Provided by MEDHALEE

Categories     Side Dish     Vegetables     Tomatoes

Time 20m

Yield 2

Number Of Ingredients 15

3 tablespoons canola oil
5 whole cloves
10 black peppercorns
1 (1 inch) piece cinnamon stick
1 bay leaf
1 whole cardamom pod
2 onion, chopped
6 roma (plum) tomatoes, chopped
4 cloves garlic, minced
2 tablespoons minced fresh ginger root
1 teaspoon powdered red pepper or dried Cajun pepper
1 (15 ounce) can kidney beans, drained
salt to taste
water
6 sprigs cilantro, minced

Steps:

  • Heat oil in a large saucepan over a medium heat. Stir in the cloves, whole black peppercorn, cinnamon, cardamom and bay leaf. Cover the pan as the pepper tends to splutter right out of the pan and can cause burns! Let heat for 1 minute.
  • Reduce the heat to medium-low and add the sliced onions. Saute until the onions are soft and almost translucent. Mix in the tomatoes and saute well. (For a great taste, saute until almost dry.)
  • Raise the stovetop's temperature to a medium heat. Add the garlic and ginger and saute for 2 to 3 minutes. Mix in the chili powder, red kidney beans and salt; mix well. Slowly add water a small amount at a time. You are adding water to create a gravy, only add water until the gravy has reached the consistency that you would like. For a smoother gravy, cool and blend the sauteed mixture before adding the red kidney beans. Garnish with cilantro.
  • Serve with hot cooked rice (see Cook's Note for link to Cumin Rice).

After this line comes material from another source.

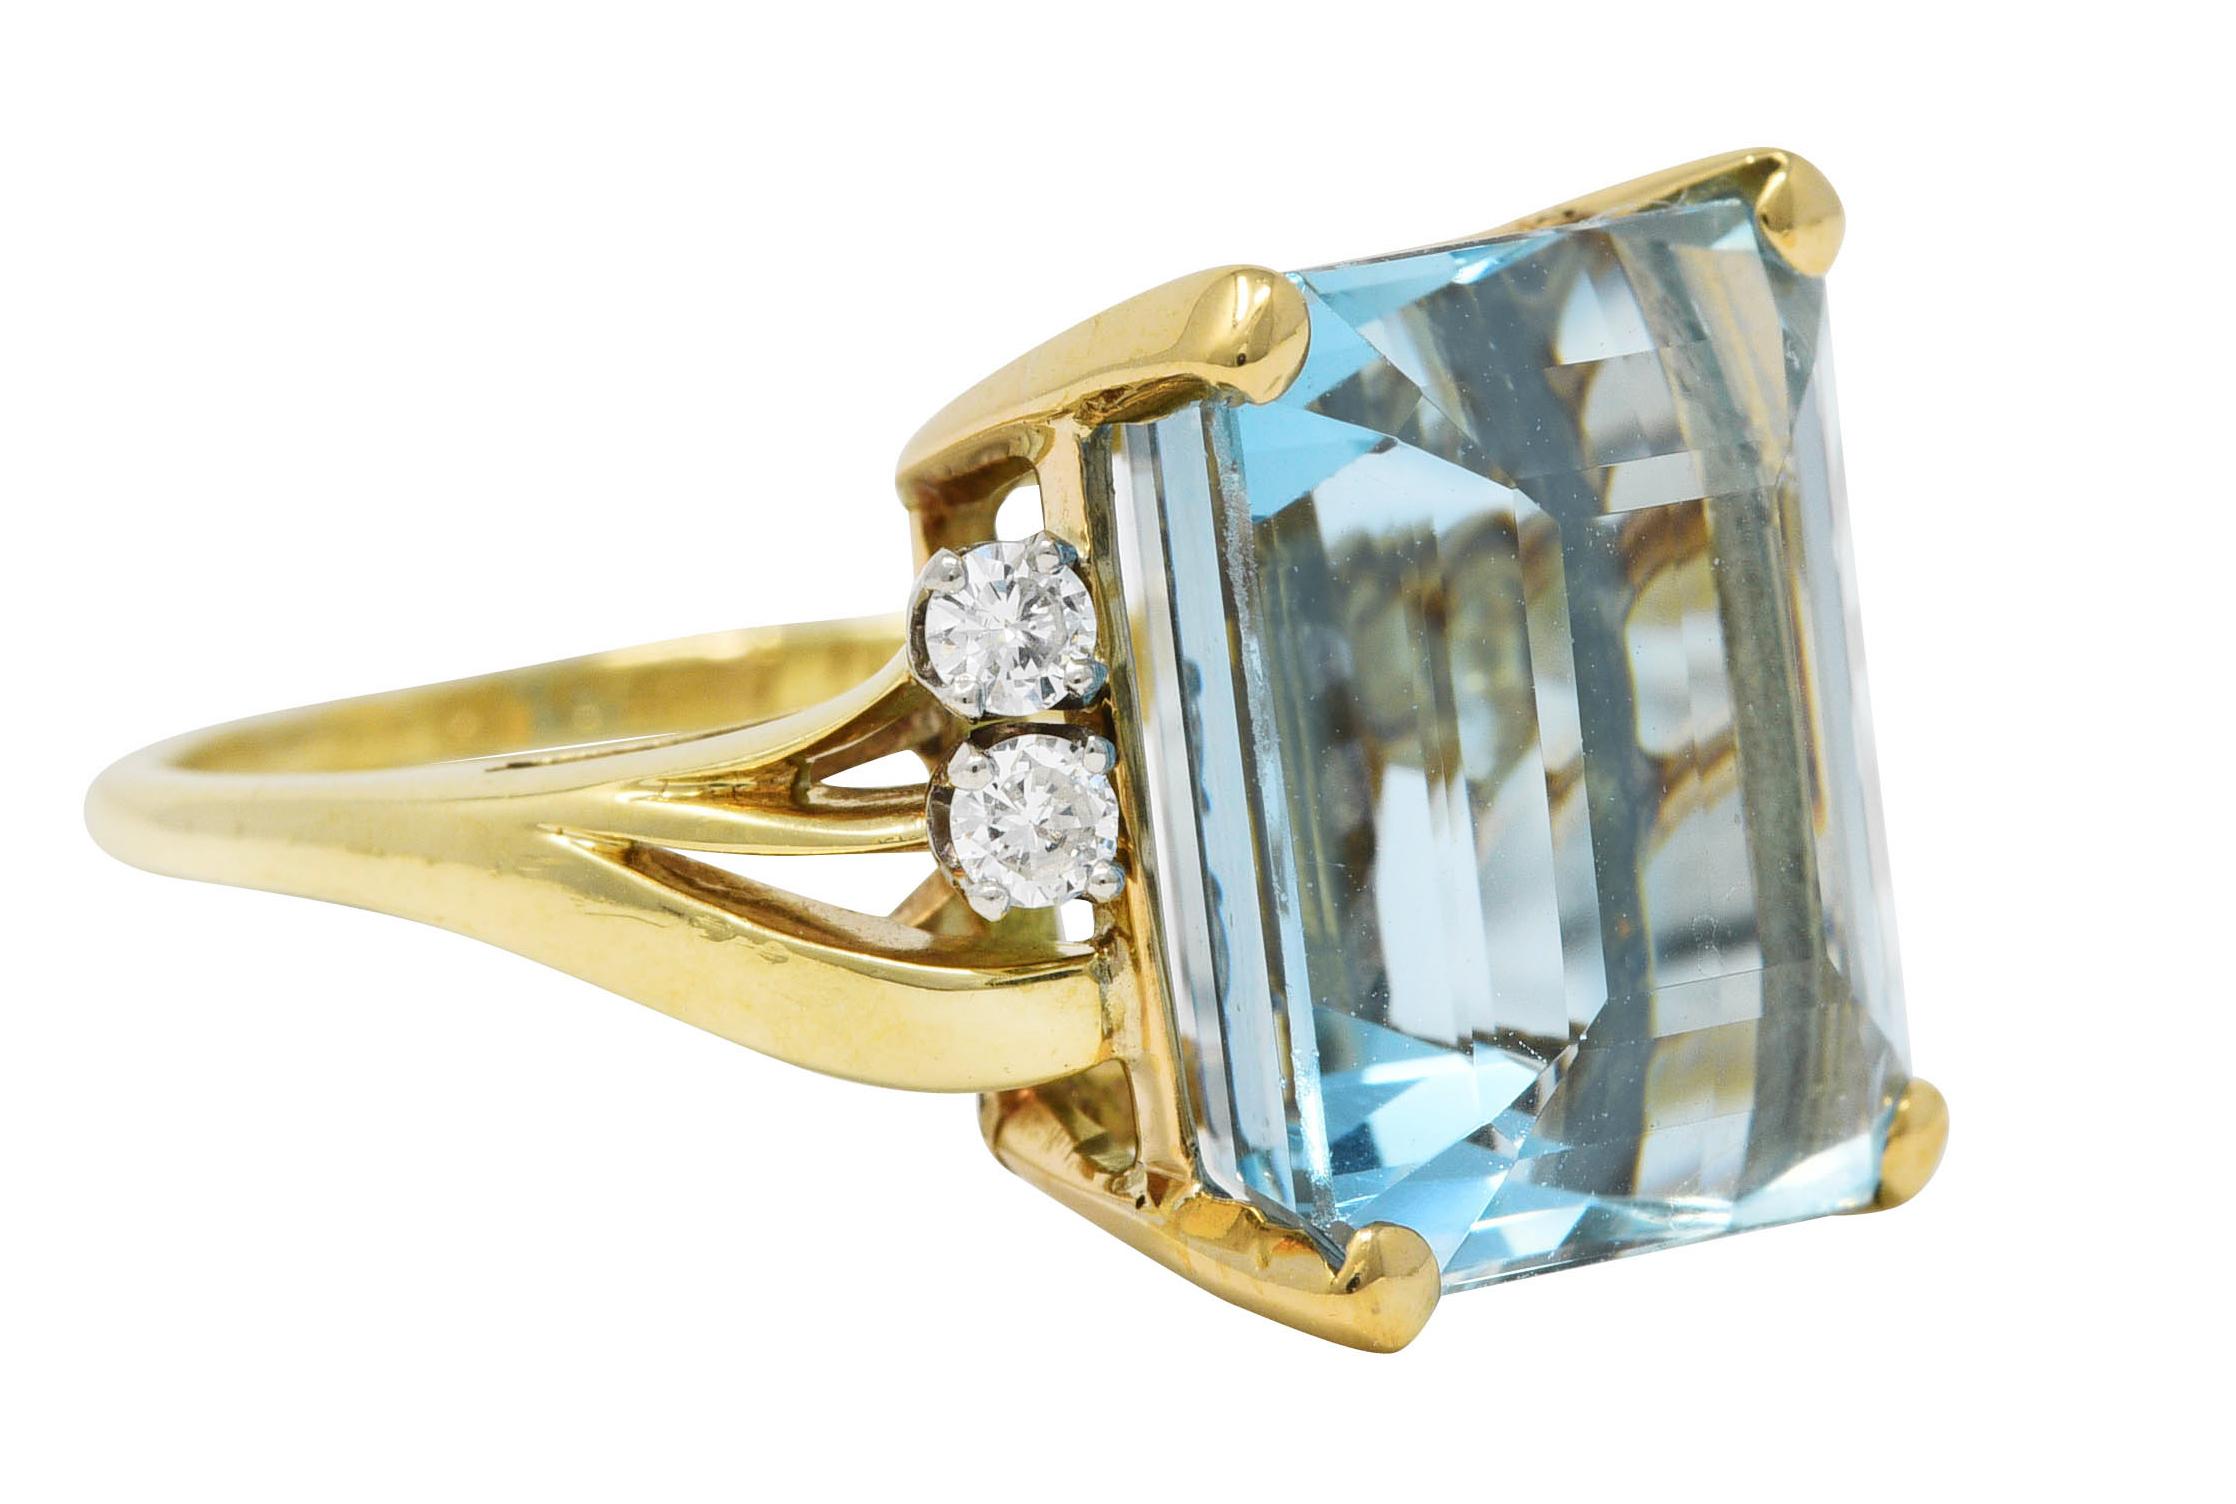 Featuring an emerald cut aquamarine weighing approximately 10.00 carats. Eye clean with medium greenish blue color. Basket set and flanked by torqued tri-split shoulders. Accented by round brilliant cut diamonds weighing in total approximately 0.15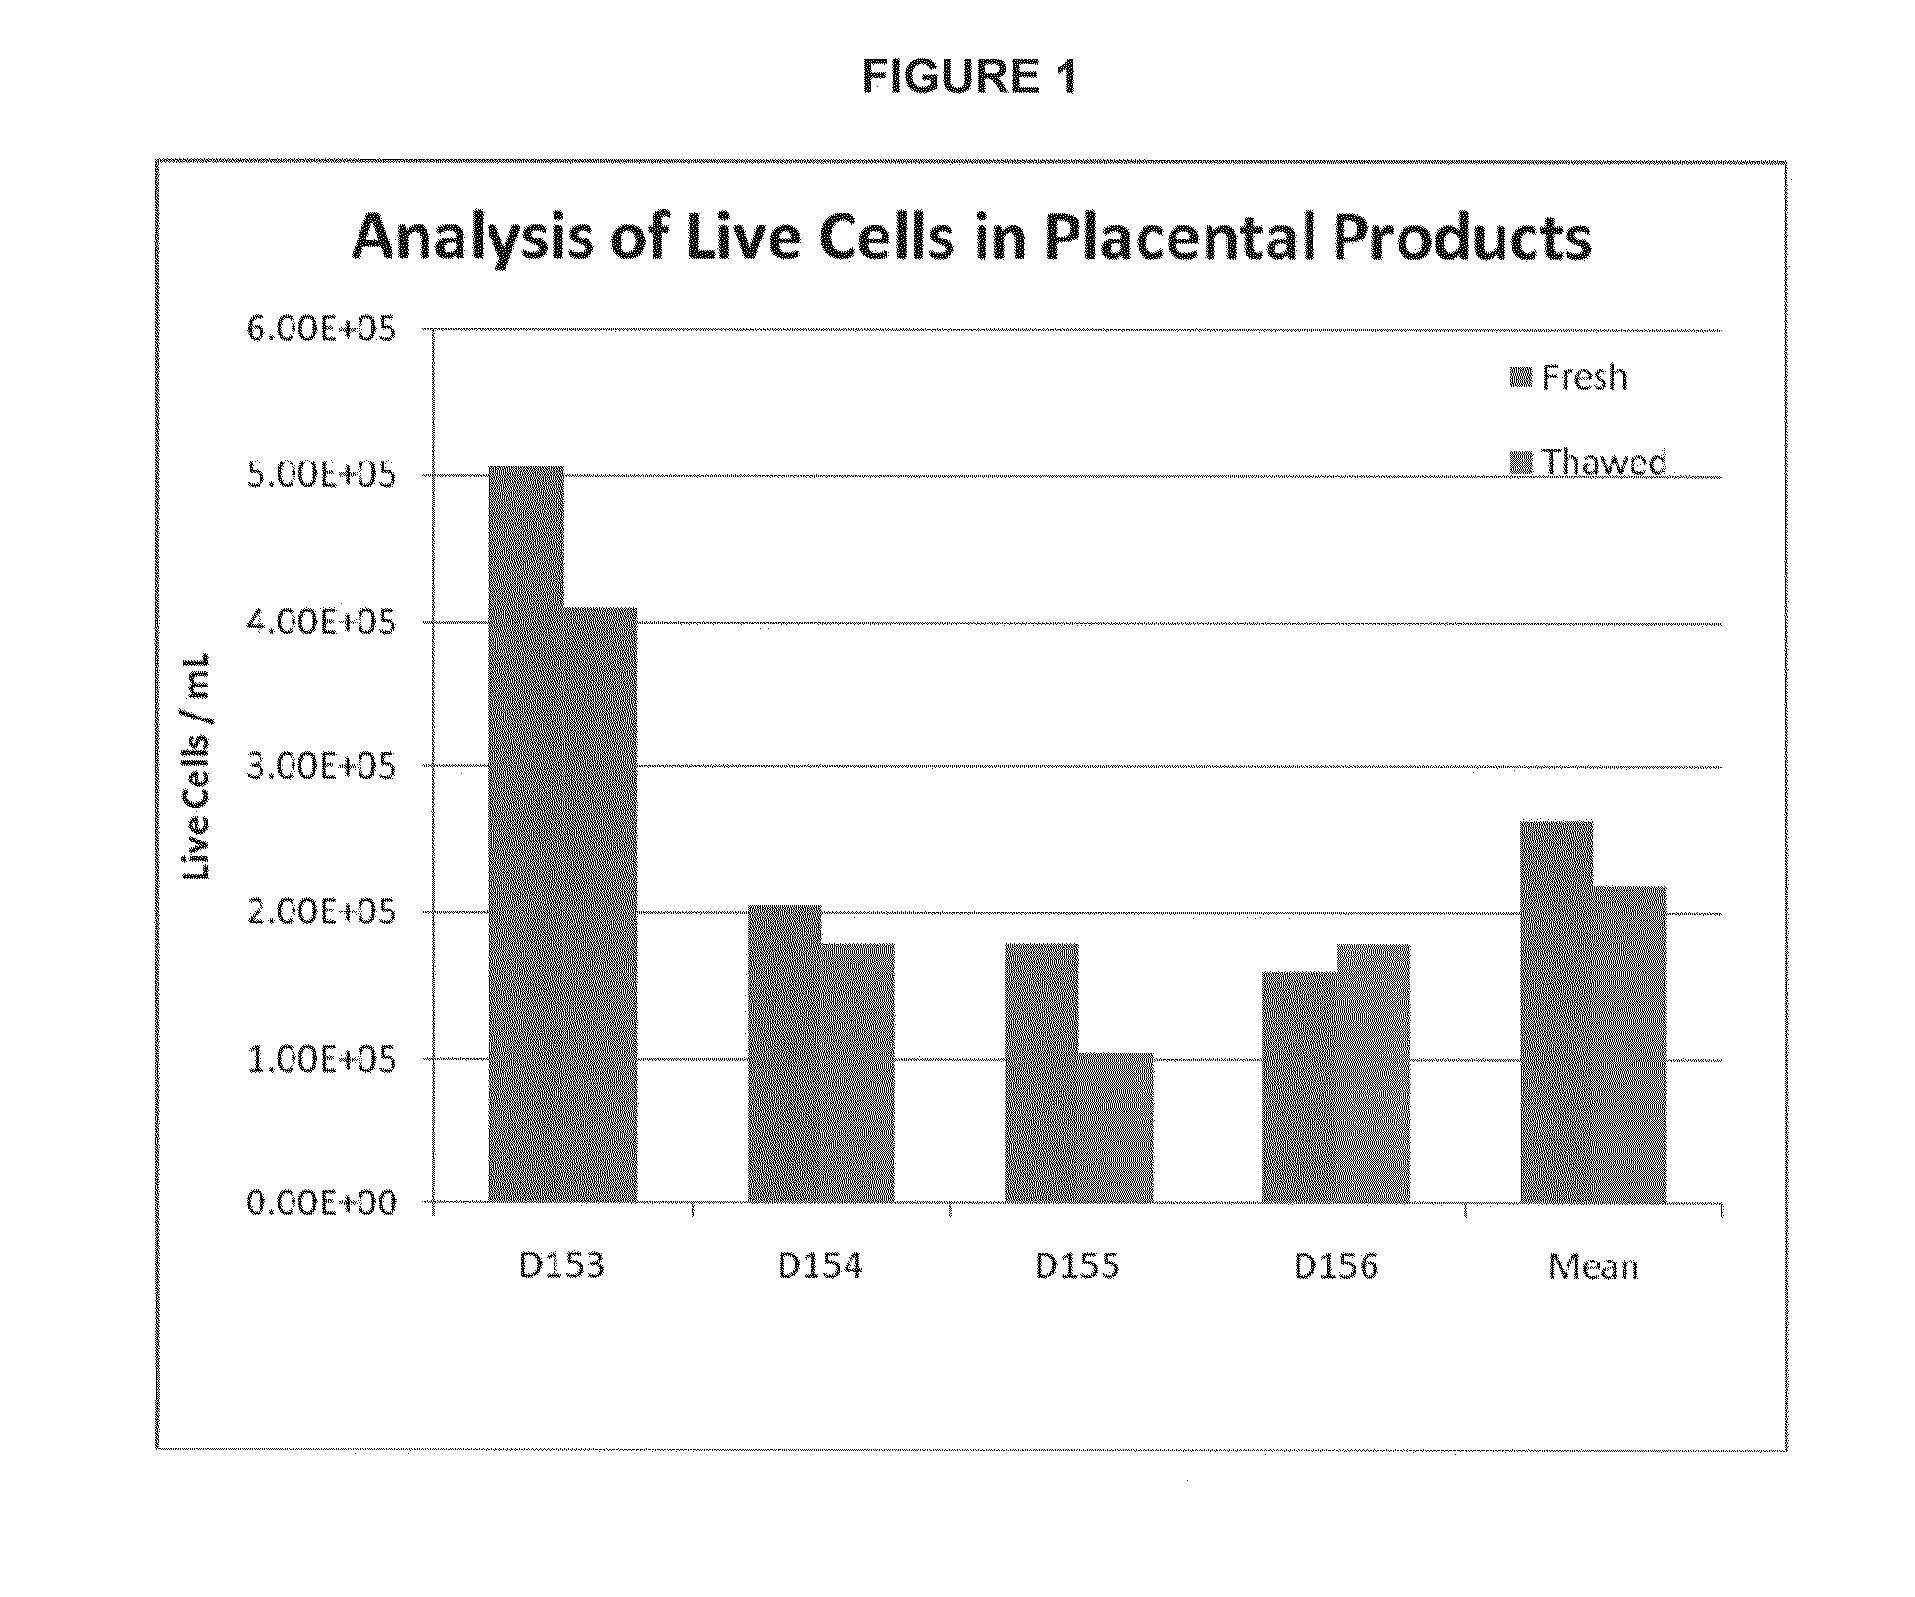 Therapeutic products comprising vitalized placental dispersions

Nutrition Facts : Calories 482.4 calories, Carbohydrate 59.1 g, Fat 22.9 g, Fiber 20.3 g, Protein 15.7 g, SaturatedFat 1.7 g, Sodium 480.5 mg, Sugar 9.9 g

Tips:

  • Soak the beans overnight: This will help to reduce the cooking time and make the beans more digestible.
  • Use a variety of spices: Rajma is a versatile dish that can be made with a variety of spices. Some common spices used in rajma include cumin, coriander, turmeric, and garam masala.
  • Don't overcook the beans: Rajma beans should be cooked until they are tender but still hold their shape. Overcooked beans will become mushy.
  • Serve with rice or roti: Rajma is typically served with rice or roti. It can also be served with other Indian breads, such as naan or paratha.
  • Garnish with cilantro or lemon juice: Rajma is often garnished with cilantro or lemon juice. This adds a fresh, bright flavor to the dish.

Conclusion:

Rajma is a delicious and nutritious dish that is easy to make. It is a good source of protein, fiber, and iron. Rajma can be made with a variety of spices and ingredients, so you can easily customize it to your own taste. Whether you are a vegetarian or meat-eater, rajma is a dish that you will enjoy.